Information:
◆ ◆ ◆ ◆ ◆
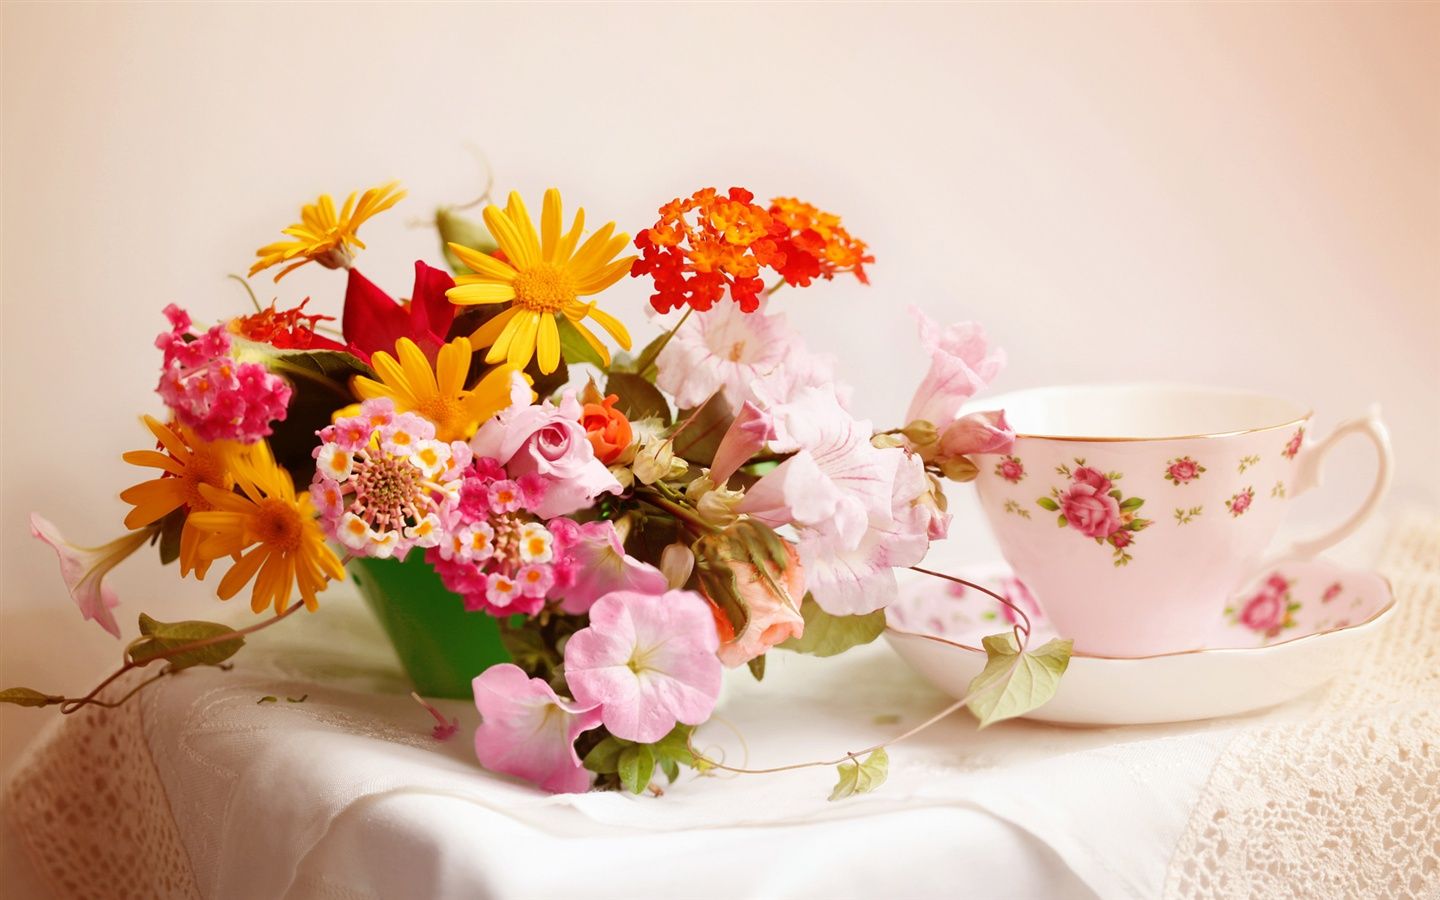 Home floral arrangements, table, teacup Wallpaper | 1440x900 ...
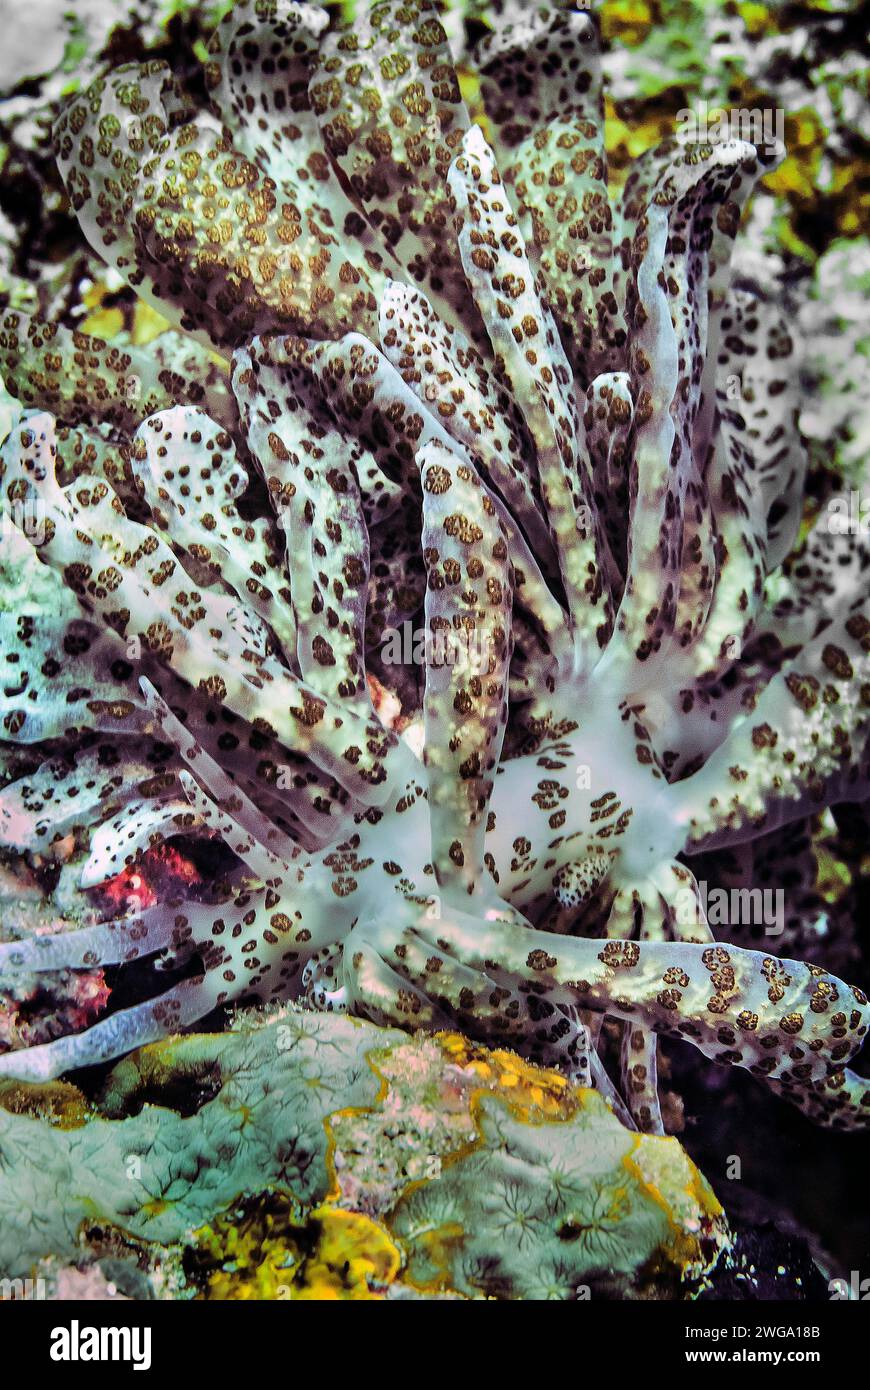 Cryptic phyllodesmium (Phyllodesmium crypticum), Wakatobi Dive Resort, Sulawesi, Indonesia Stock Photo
◆ ◆ ◆ ◆ ◆
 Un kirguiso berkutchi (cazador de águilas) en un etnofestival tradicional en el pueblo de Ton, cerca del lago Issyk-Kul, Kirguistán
◆ ◆ ◆ ◆ ◆
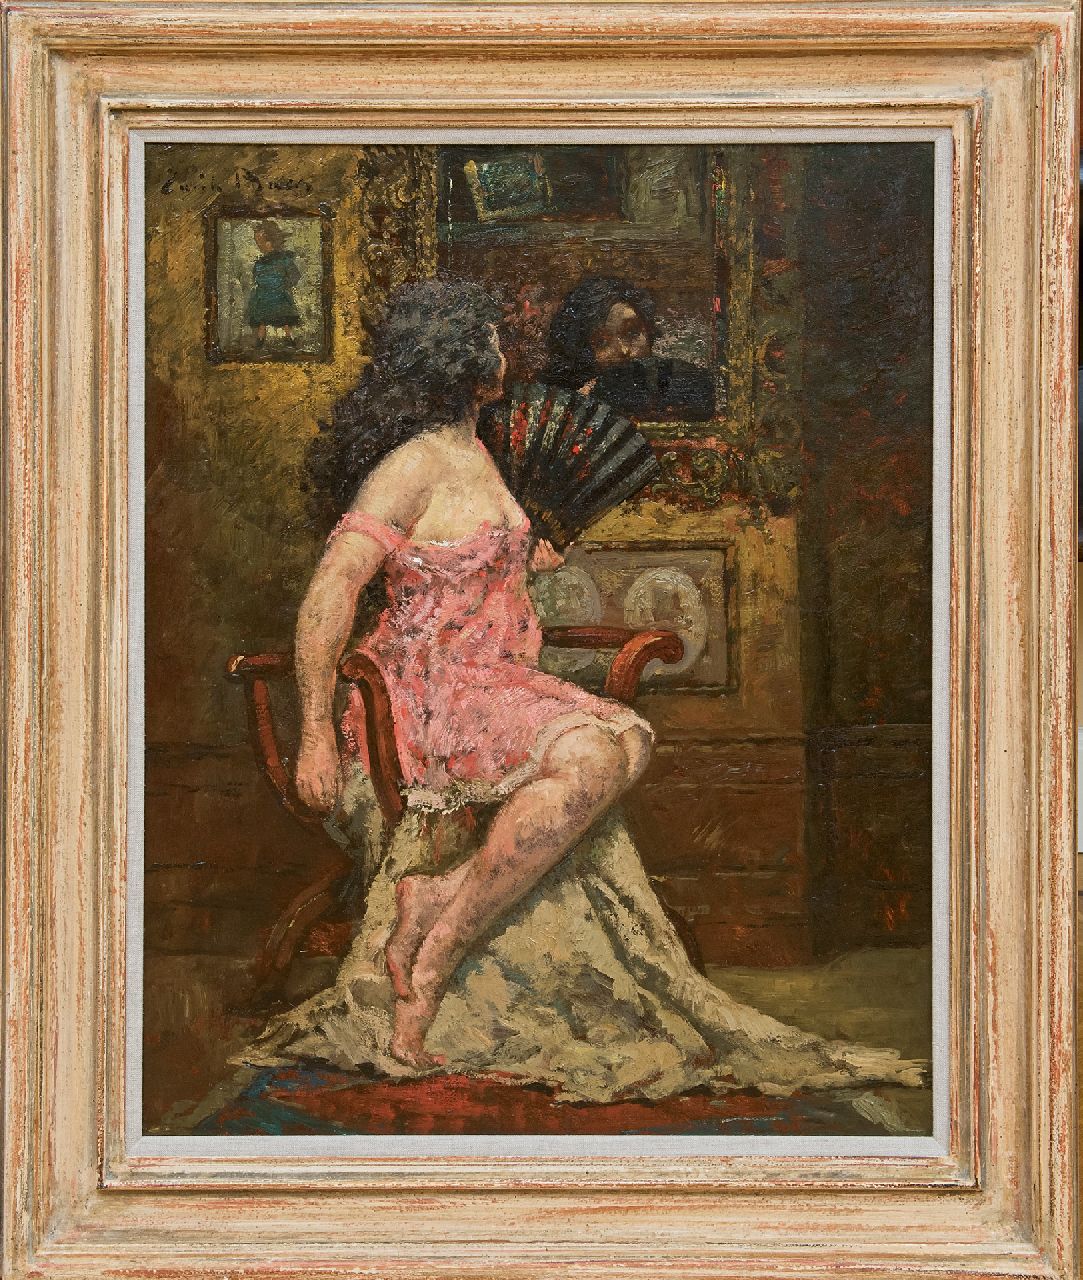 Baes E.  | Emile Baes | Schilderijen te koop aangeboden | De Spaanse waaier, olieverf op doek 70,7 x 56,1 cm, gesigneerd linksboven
◆ ◆ ◆ ◆ ◆
Problem requirements:
Your answer should be the exact lines above from the one containing "Home floral arrangements, table, teacup" through the one containing "Cryptic phyllodesmium (Phyllodesmium", with both end lines kept and the pictures removed, please.

Written response:
 Home floral arrangements, table, teacup Wallpaper | 1440x900 ...
 Cryptic phyllodesmium (Phyllodesmium crypticum), Wakatobi Dive Resort, Sulawesi, Indonesia Stock Photo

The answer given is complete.